### INSTRUCTIONS FOR THE TASK
Print the listing below exactly, images excluded.

### GIVEN MATERIAL
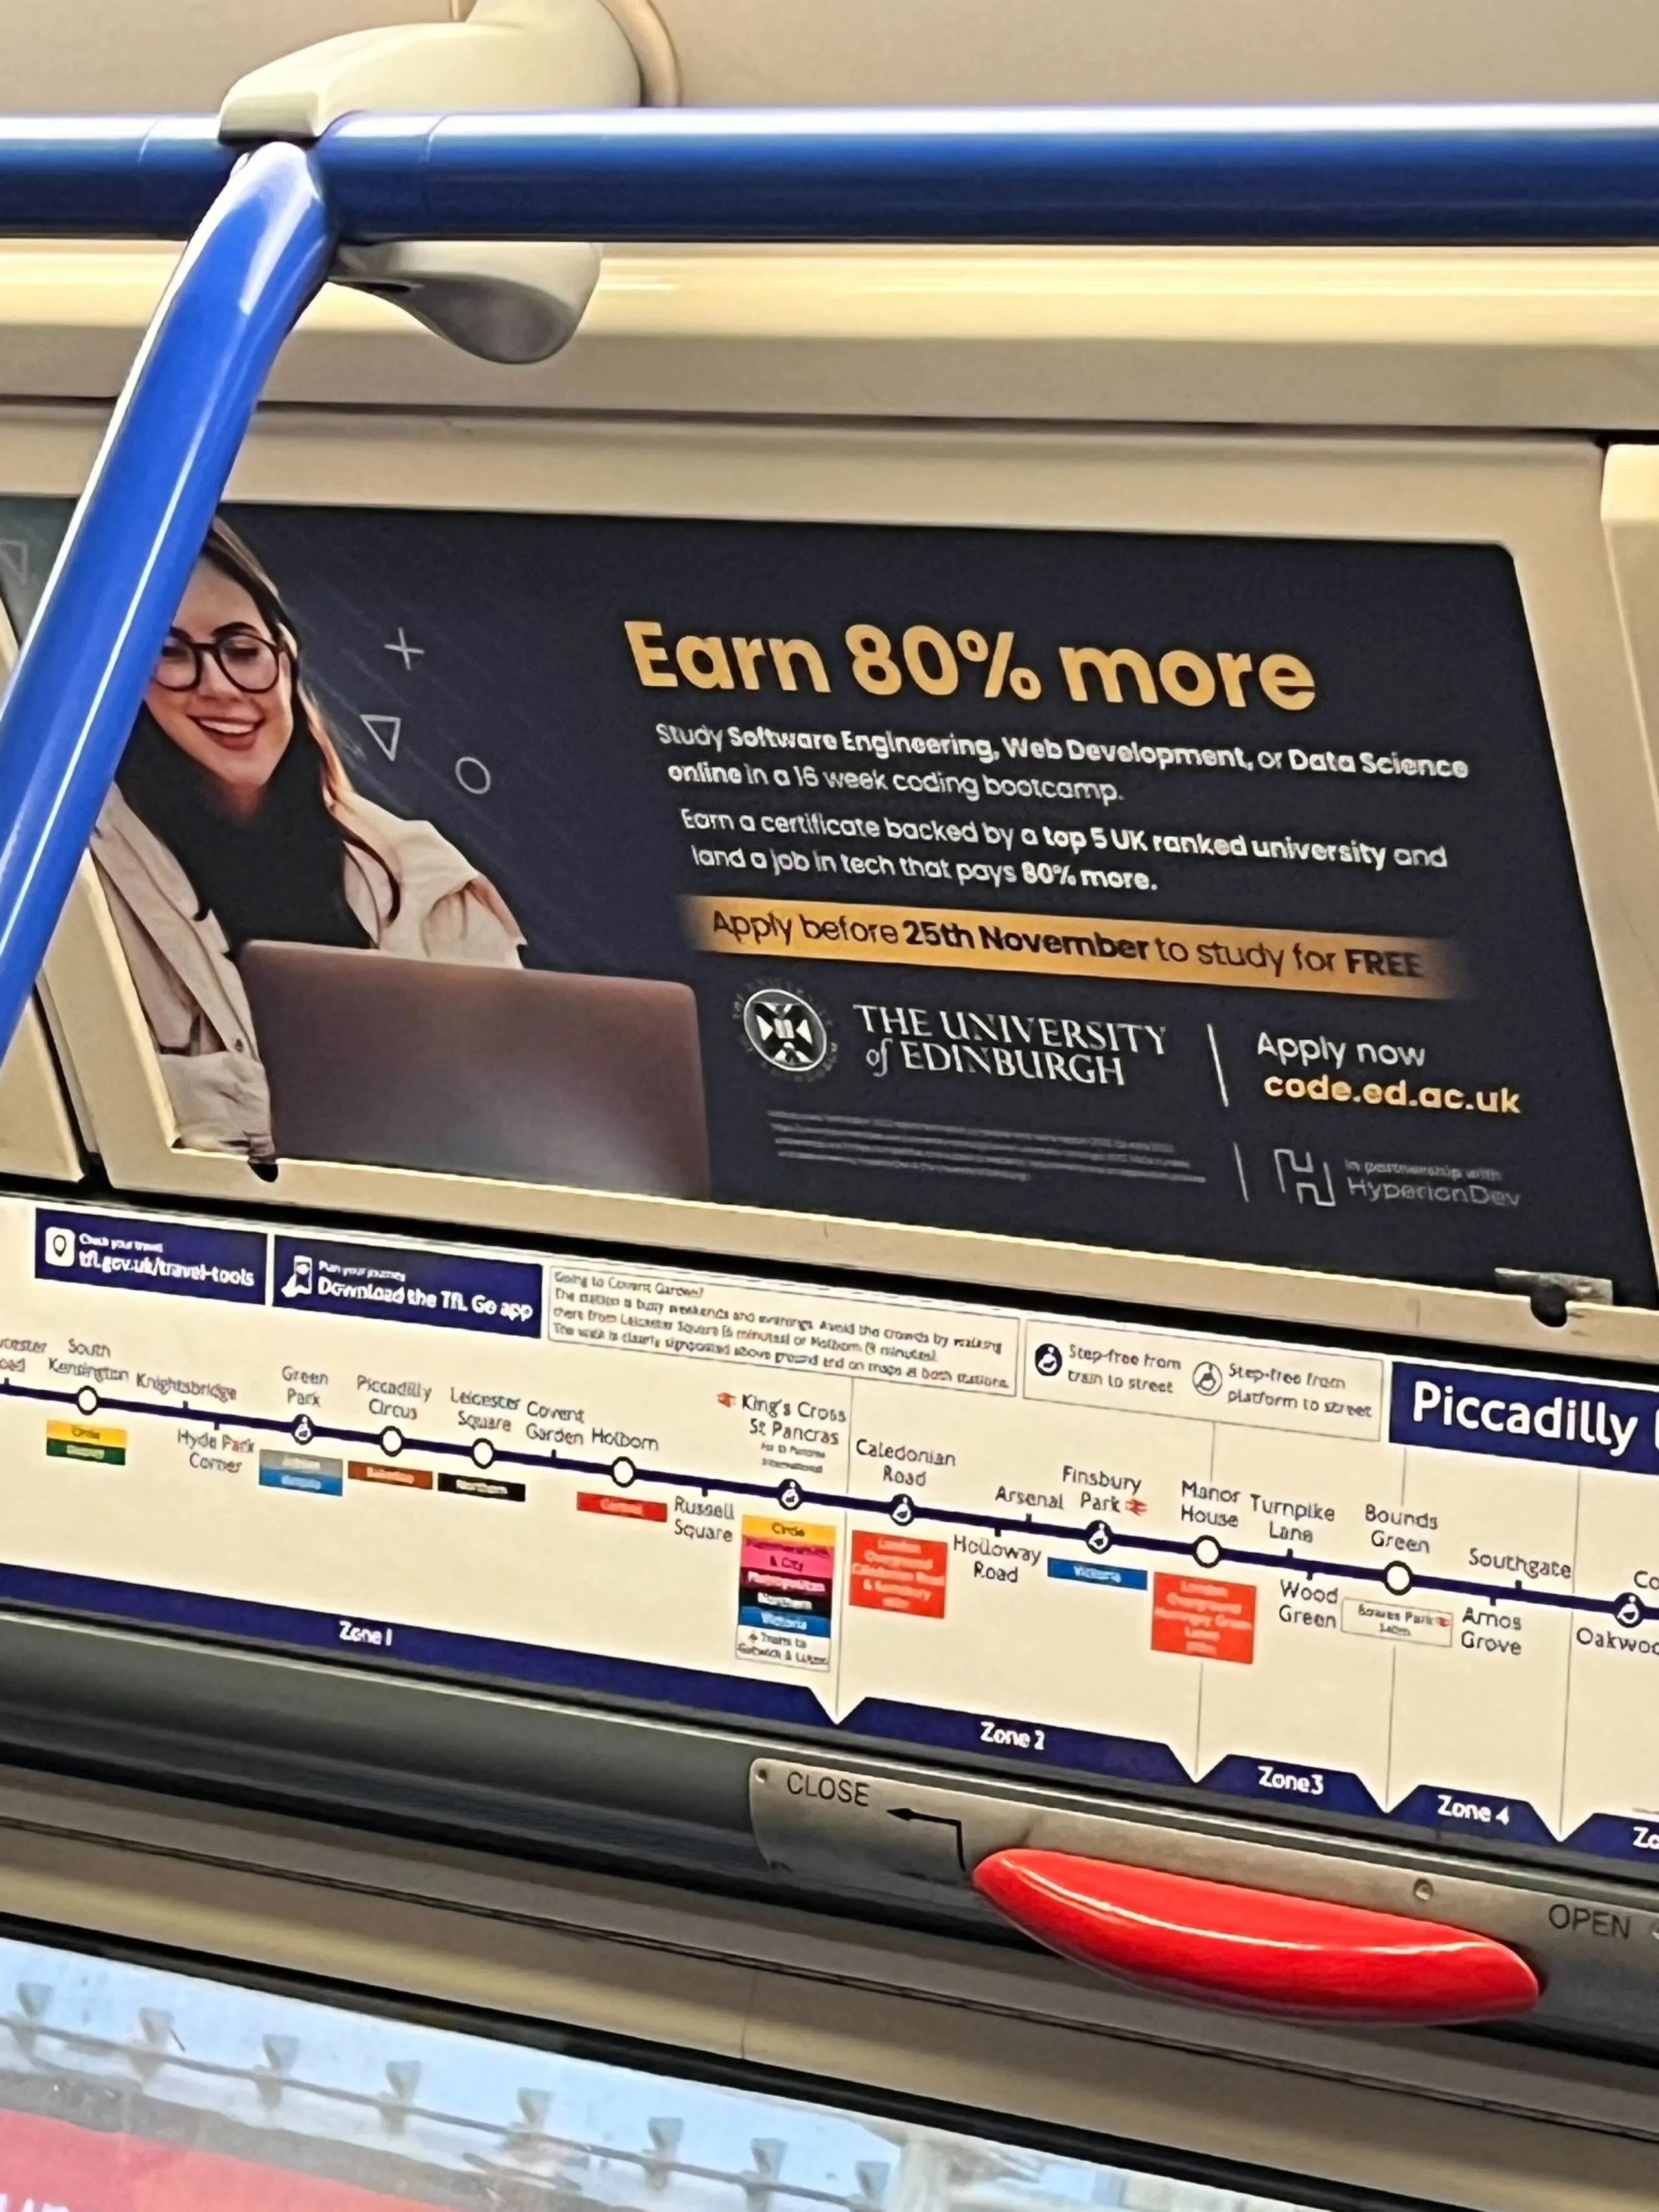 Tube poster advert for the University of
Edinburgh
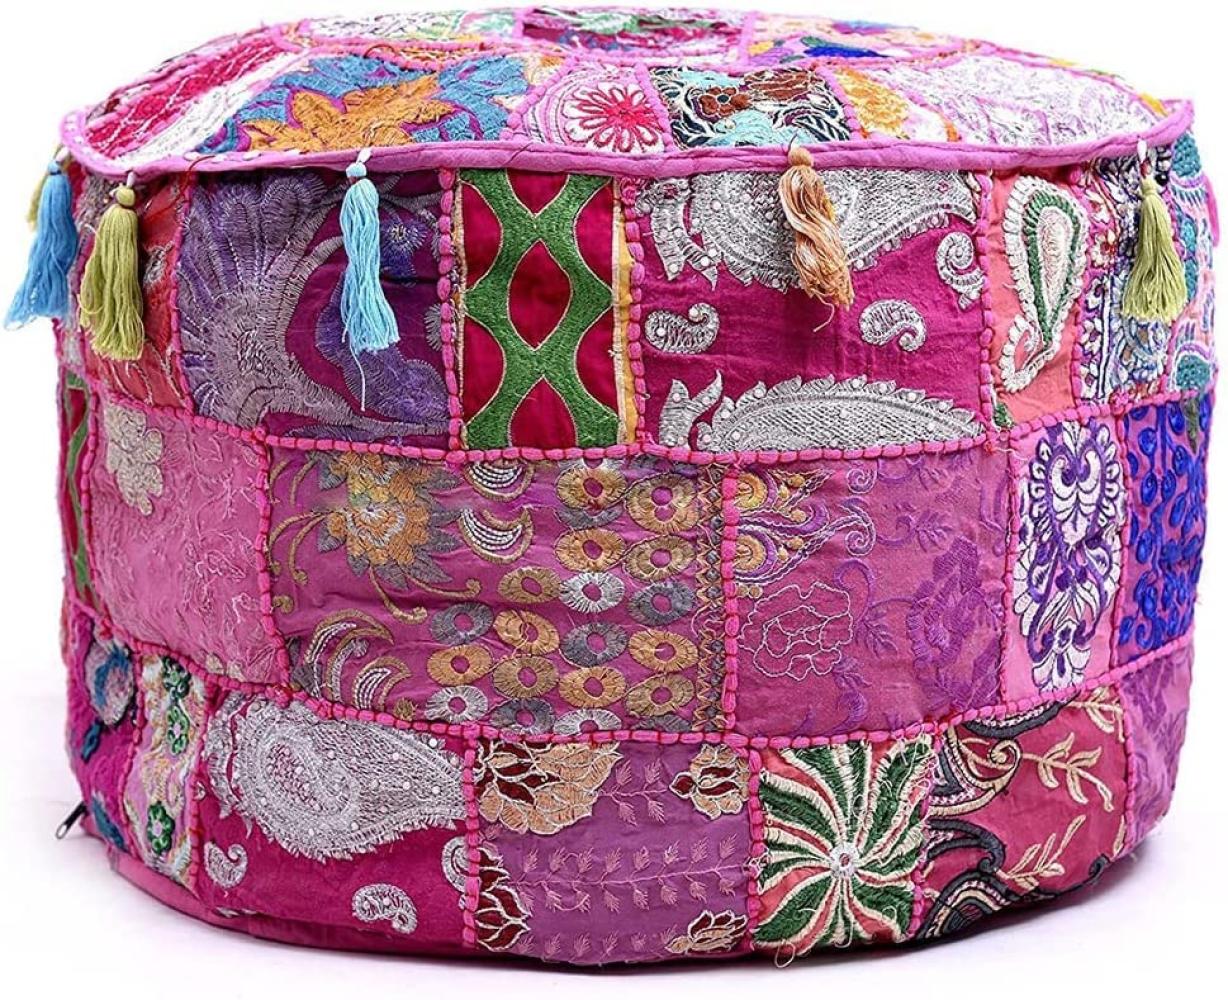 Aakriti Indian Pouf Fußhocker mit Stickerei Pouf, indische Baumwolle, Pouffe osmanischen Pouf Cover mit ethnischem Dekor Kunst - Cover (Pink, 46x33 cms) Bild 1
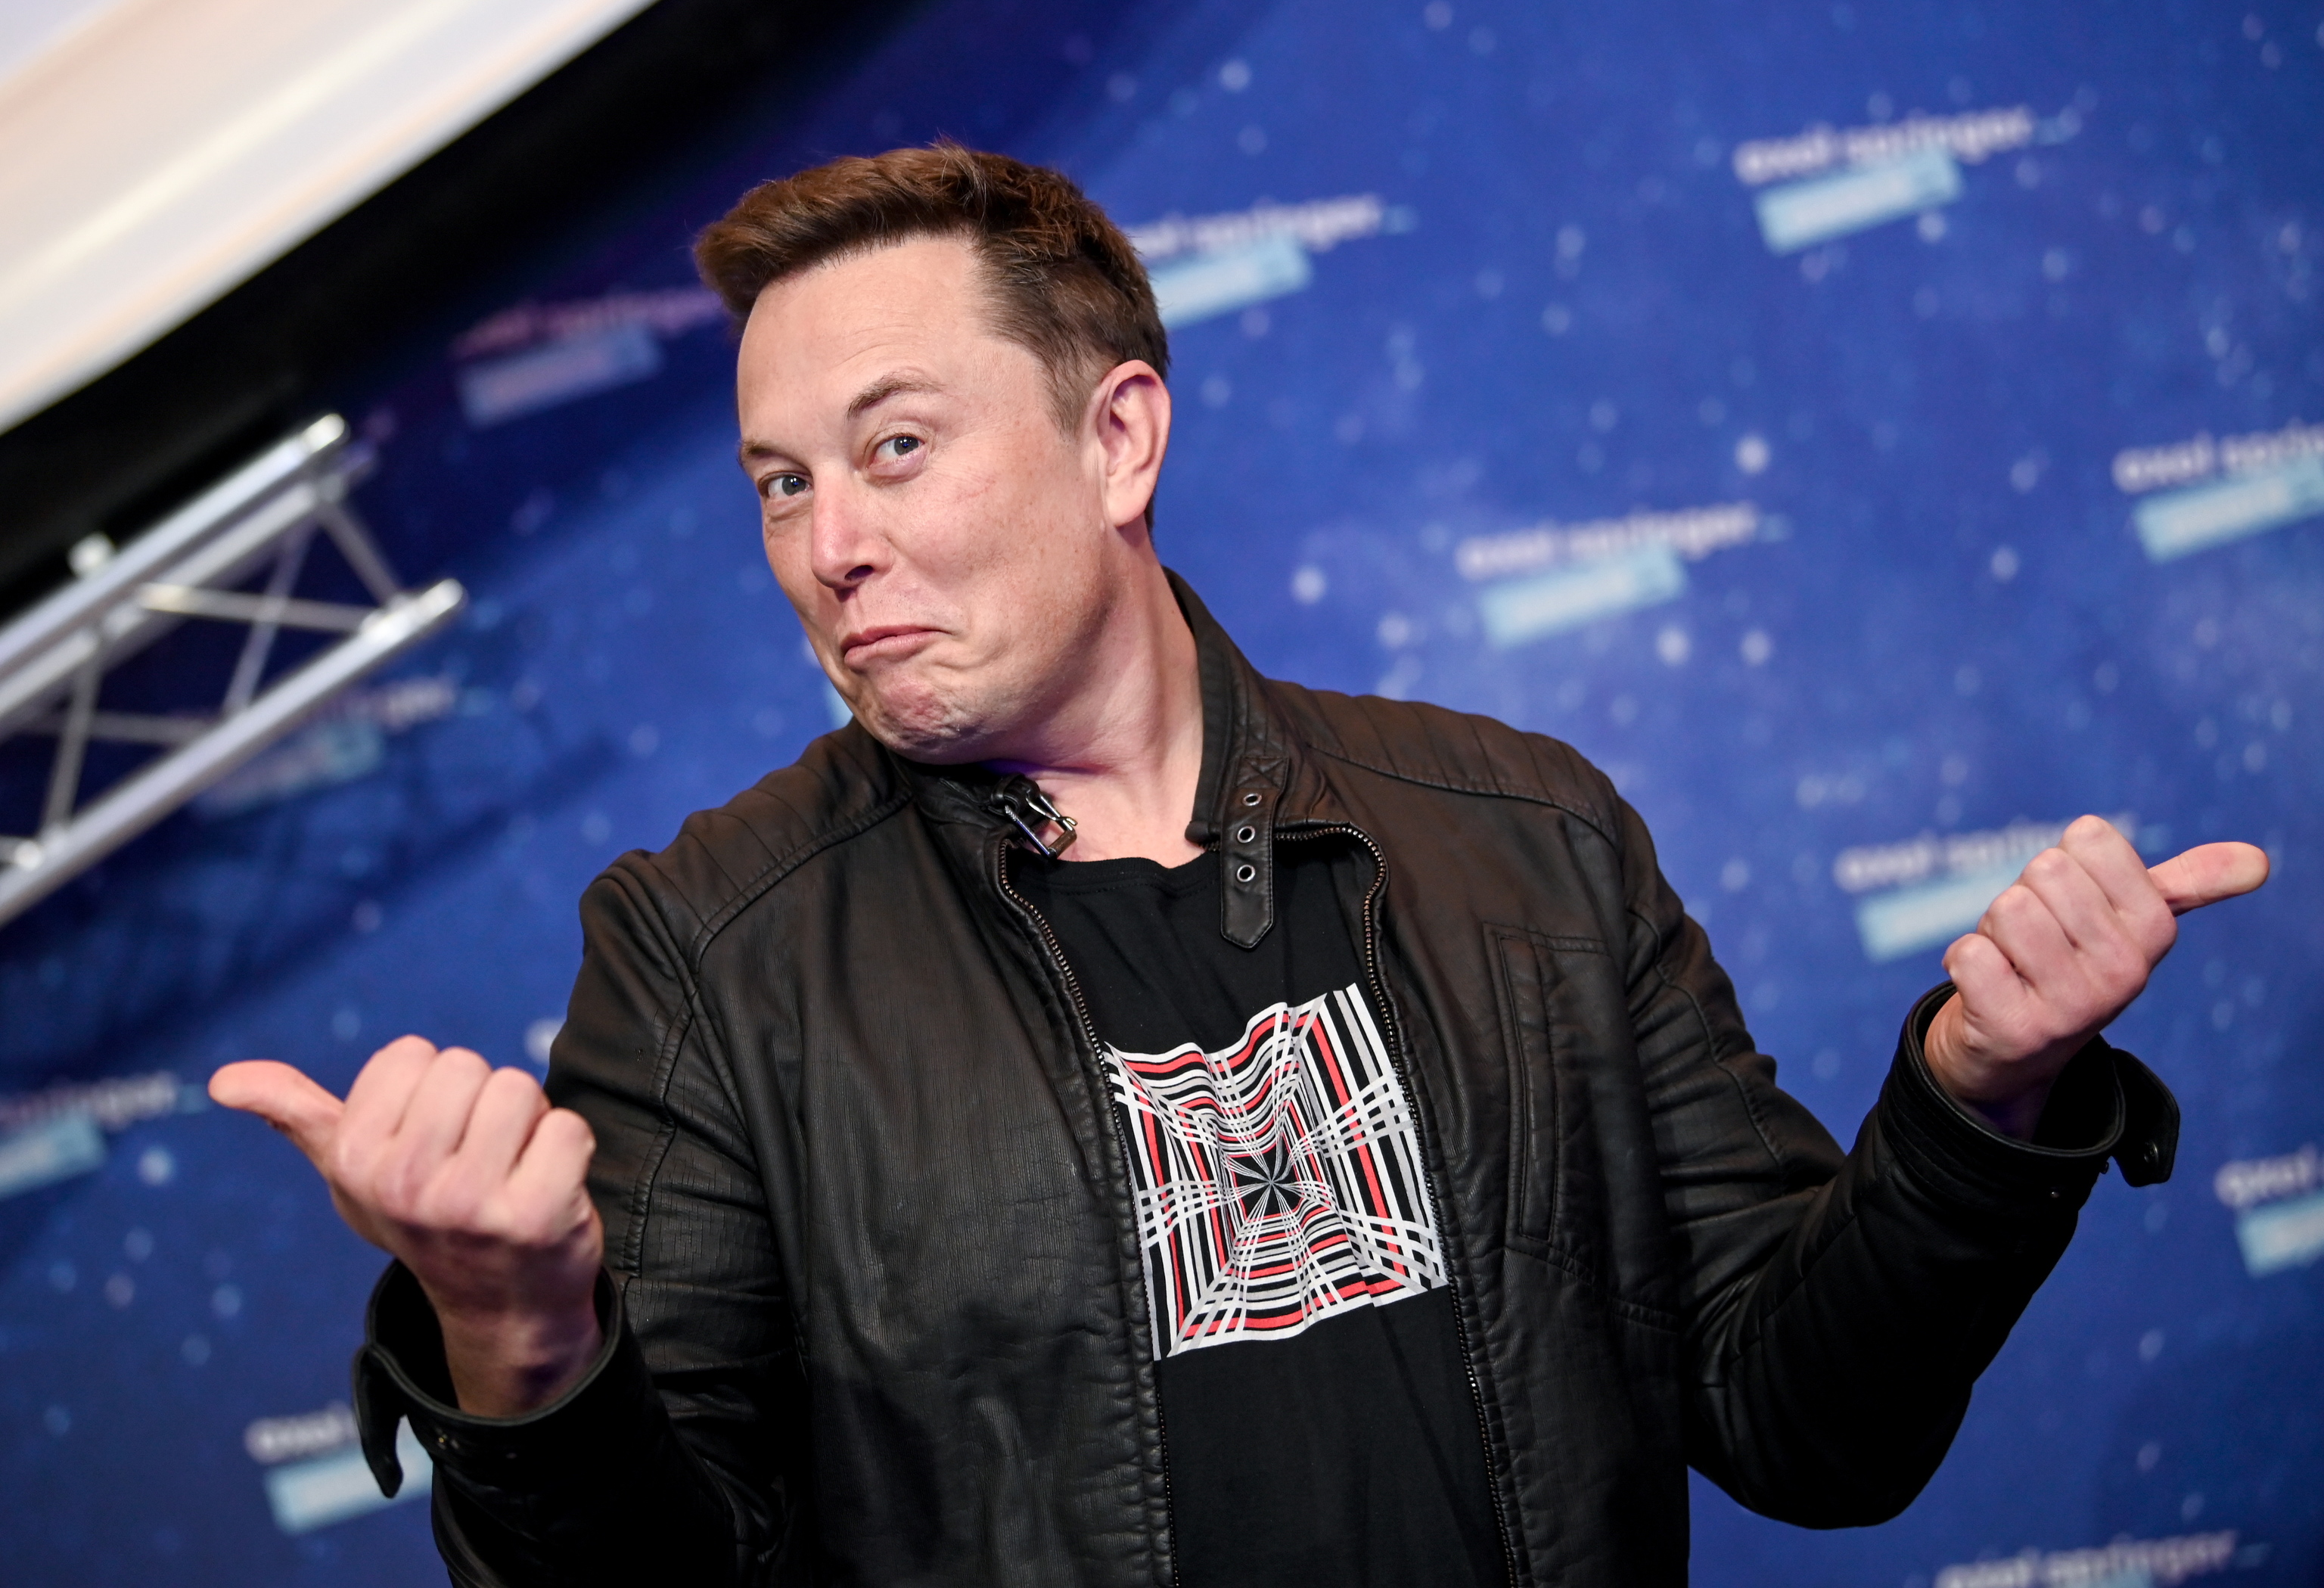 La negociación maratoniana por Twitter continúa: la compañía y Elon Musk acercan posturas para cerrar ya la venta

### TASK OUTPUT
 Tube poster advert for the University of
Edinburgh
 Aakriti Indian Pouf Fußhocker mit Stickerei Pouf, indische Baumwolle, Pouffe osmanischen Pouf Cover mit ethnischem Dekor Kunst - Cover (Pink, 46x33 cms) Bild 1
 La negociación maratoniana por Twitter continúa: la compañía y Elon Musk acercan posturas para cerrar ya la venta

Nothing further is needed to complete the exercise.